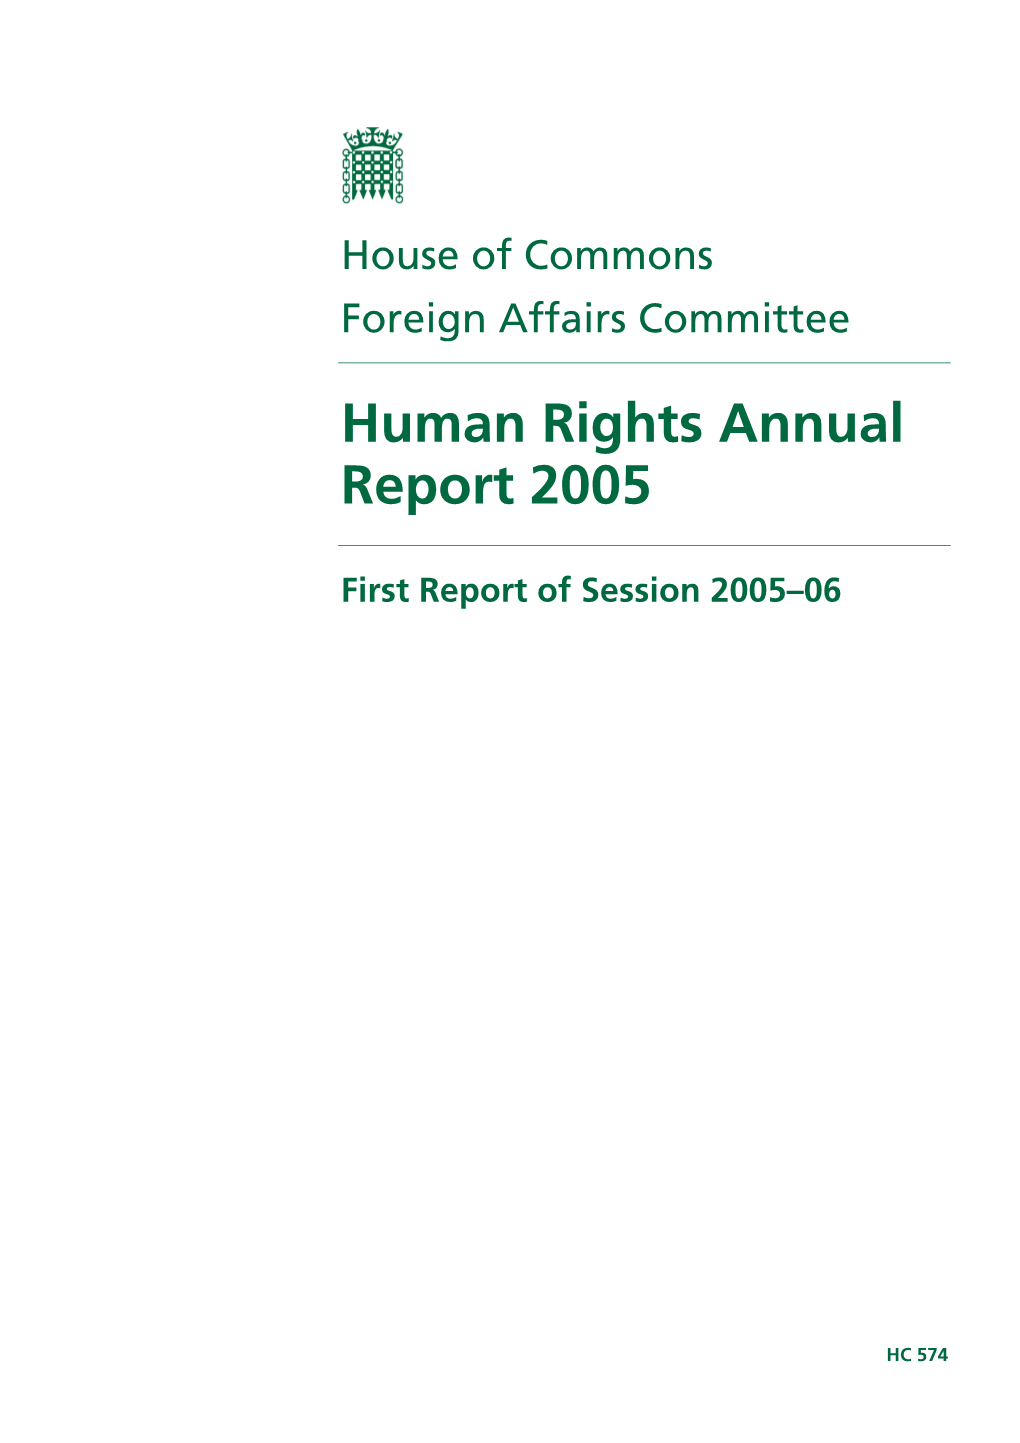 Human Rights Annual Report 2005
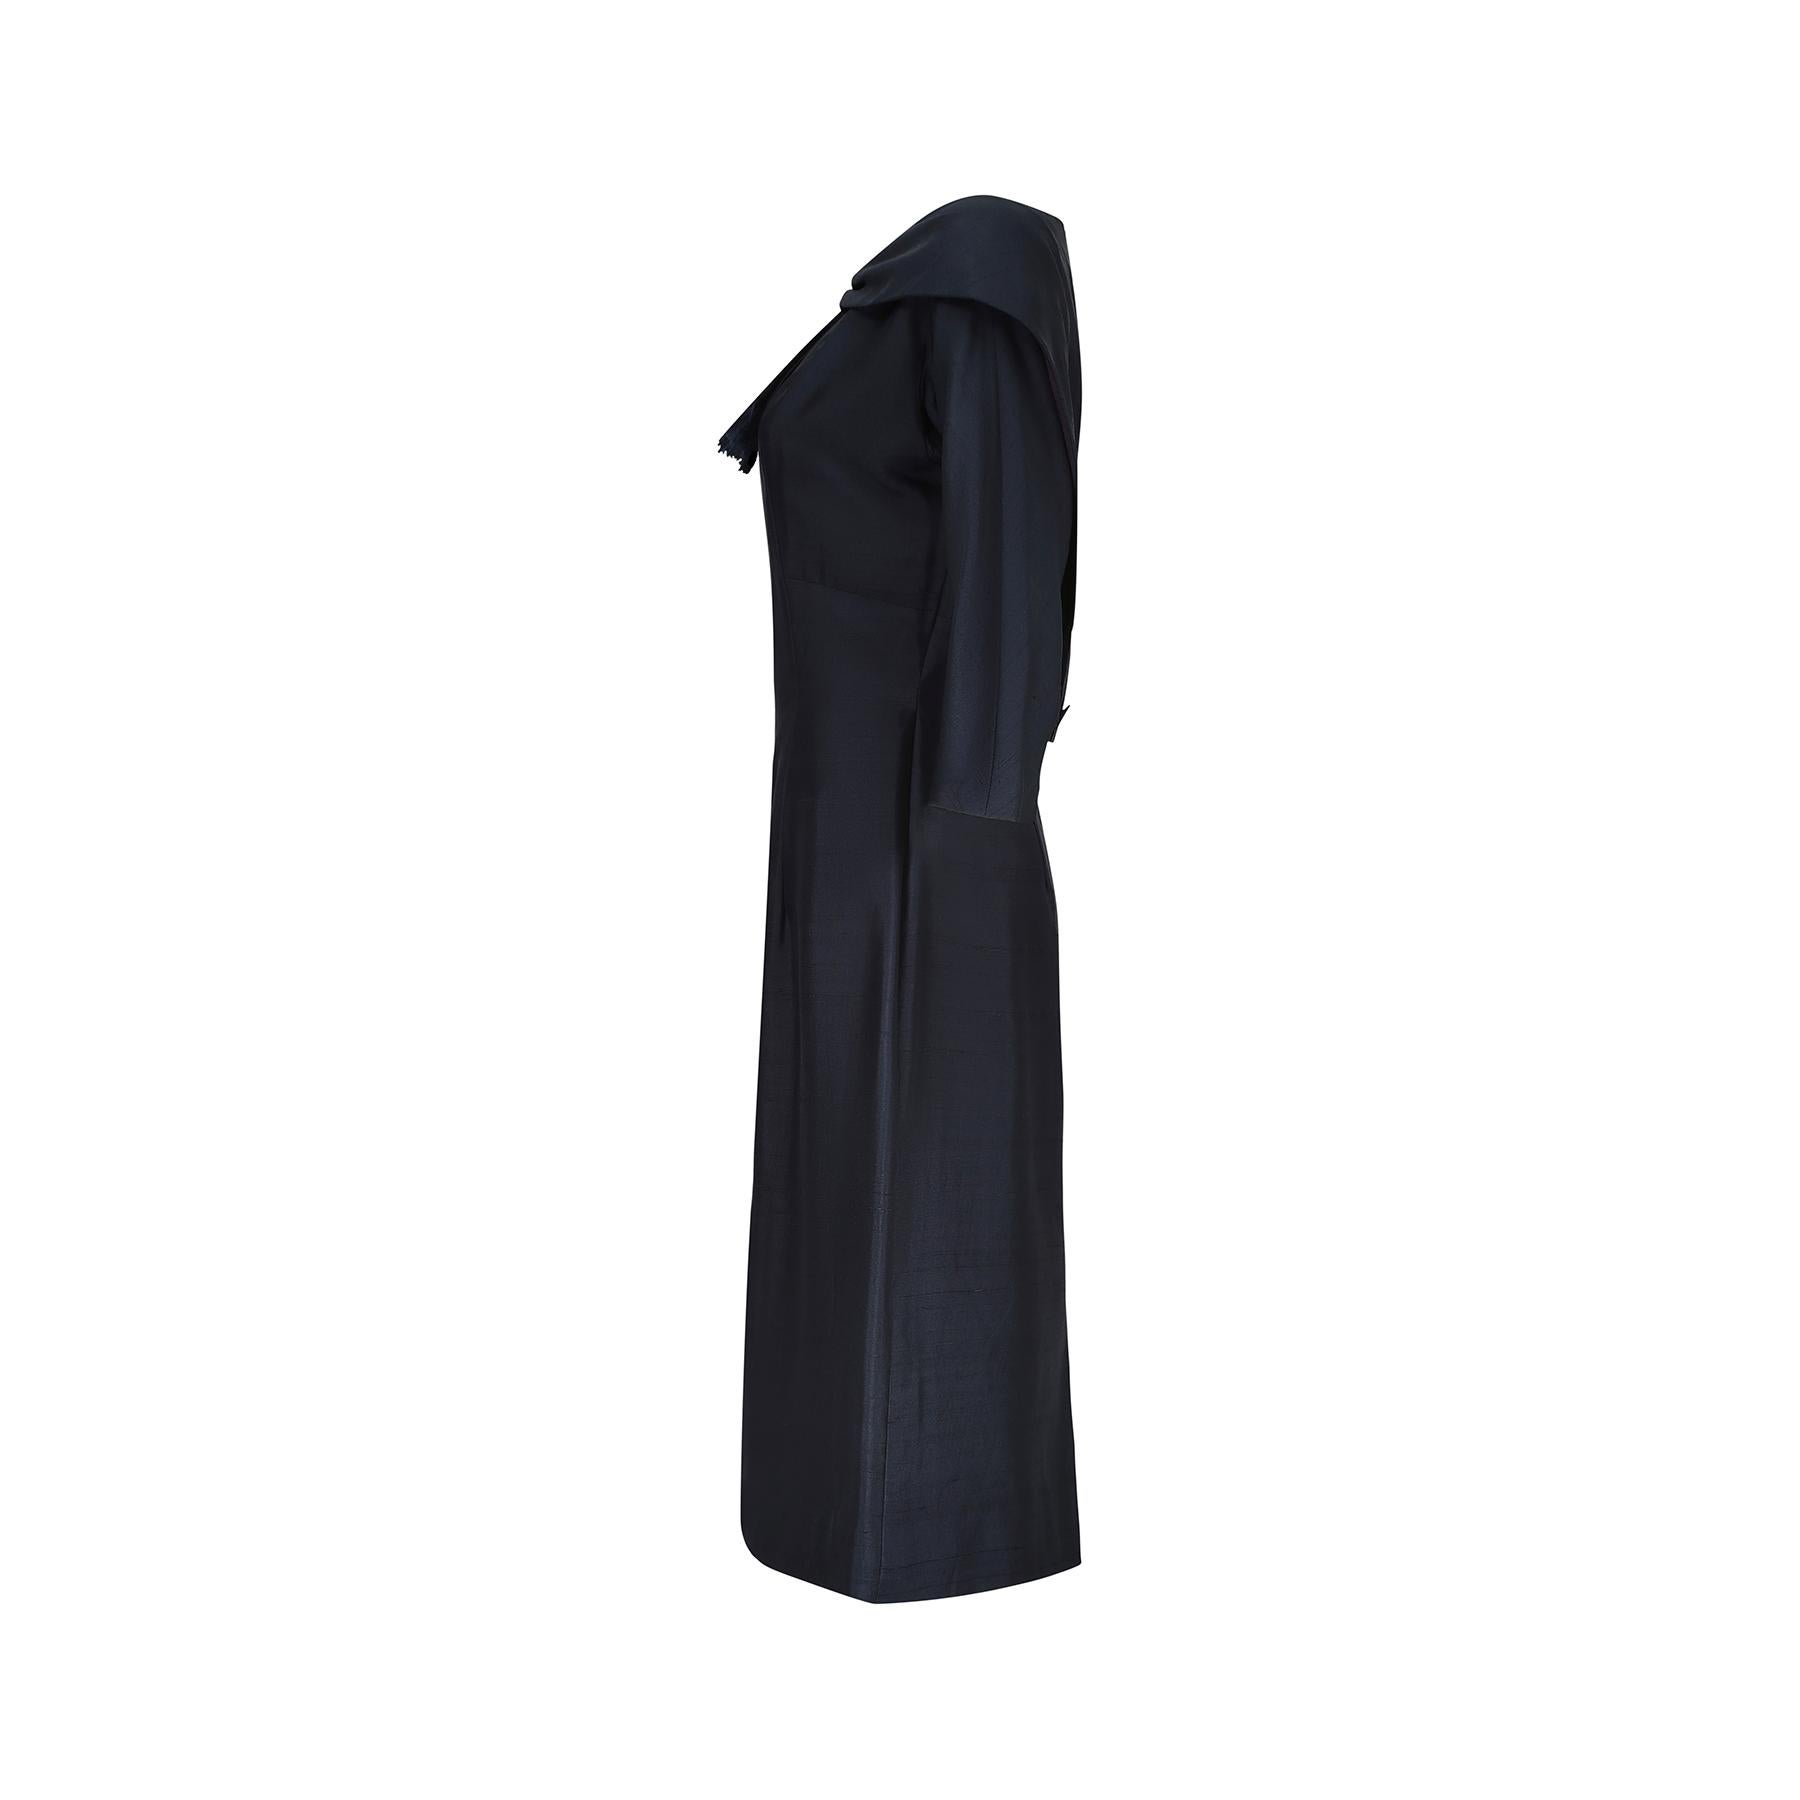 Original 1950s navy blue silk dress with a fabulously detailed shawl collar neckline that is designed to look like a capelet but is in fact integral to the dress. The faux tie detail at the front has these unusual 'frayed' ends designed to look like
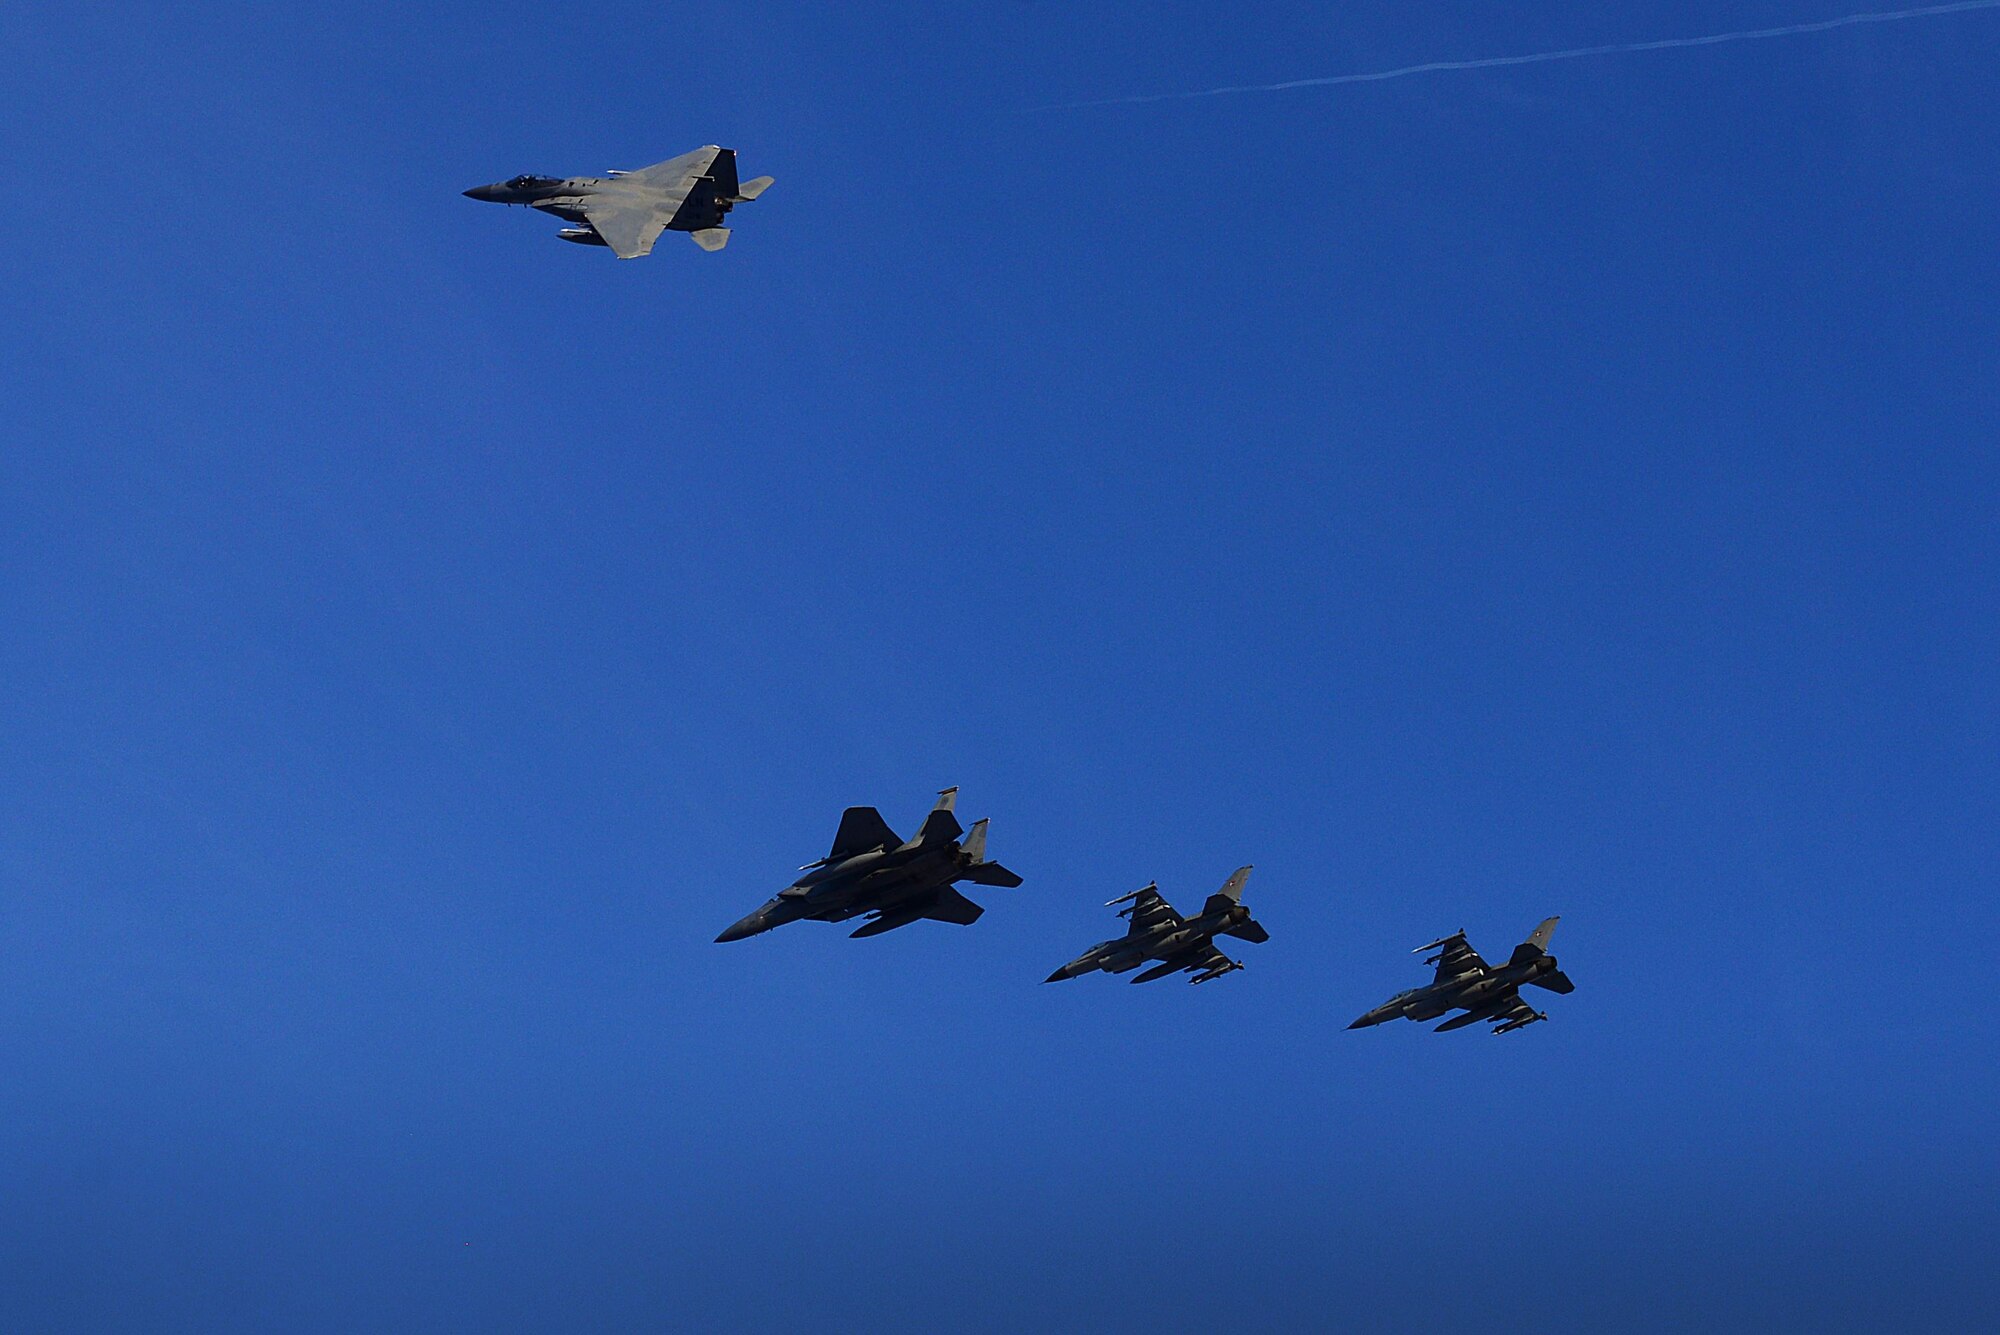 U.S. F-15C Eagles from the 493rd Expeditionary Fighter Squadron peel away from a formation with Royal Danish F-16's to signify the transfer of the NATO Baltic Air Police mission at Siauliai Air Base, Lithuania Jan. 8. NATO Air Policing is a peacetime collective defense mission, safeguarding the integrity of the NATO Alliance member’s airspace. (U.S. Air Force photo/ Tech. Sgt. Matthew Plew)

_ACTION ITEM:_
Restate each line from the start of the listing through the line bearing "Original 1950s navy" word for word. Drop the pictures.

_SOLUTION TO THIS EXERCISE:_
 Human Rights Annual Report 2005
 Original 1950s navy blue silk dress with a fabulously detailed shawl collar neckline that is designed to look like a capelet but is in fact integral to the dress. The faux tie detail at the front has these unusual 'frayed' ends designed to look like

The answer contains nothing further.